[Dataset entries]

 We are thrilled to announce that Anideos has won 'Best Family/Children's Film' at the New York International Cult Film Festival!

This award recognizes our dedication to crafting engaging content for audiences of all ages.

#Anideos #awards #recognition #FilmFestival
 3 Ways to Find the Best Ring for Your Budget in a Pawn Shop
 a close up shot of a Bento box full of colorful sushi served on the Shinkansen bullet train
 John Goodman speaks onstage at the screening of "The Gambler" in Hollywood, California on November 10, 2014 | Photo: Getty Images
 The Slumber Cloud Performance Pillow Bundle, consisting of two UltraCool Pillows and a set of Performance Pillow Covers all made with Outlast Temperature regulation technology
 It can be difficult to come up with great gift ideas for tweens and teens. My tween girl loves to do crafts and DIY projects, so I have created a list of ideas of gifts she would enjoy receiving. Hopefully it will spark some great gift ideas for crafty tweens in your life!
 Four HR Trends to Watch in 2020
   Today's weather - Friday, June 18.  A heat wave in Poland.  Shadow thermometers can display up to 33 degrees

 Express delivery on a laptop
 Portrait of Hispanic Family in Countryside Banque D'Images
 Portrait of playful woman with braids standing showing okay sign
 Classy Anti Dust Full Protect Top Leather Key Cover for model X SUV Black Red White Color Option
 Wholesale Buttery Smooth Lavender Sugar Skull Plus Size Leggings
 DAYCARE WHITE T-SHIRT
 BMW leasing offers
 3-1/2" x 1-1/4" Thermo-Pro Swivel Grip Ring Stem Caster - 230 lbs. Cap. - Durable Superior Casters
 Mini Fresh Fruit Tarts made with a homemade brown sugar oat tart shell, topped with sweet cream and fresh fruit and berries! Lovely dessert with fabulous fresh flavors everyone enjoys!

=== PROBLEM DETAILS ===
Only the lines containing the string "Images" are needed; pull them out of the records.

=== RESPONSE AREA ===
 John Goodman speaks onstage at the screening of "The Gambler" in Hollywood, California on November 10, 2014 | Photo: Getty Images
 Portrait of Hispanic Family in Countryside Banque D'Images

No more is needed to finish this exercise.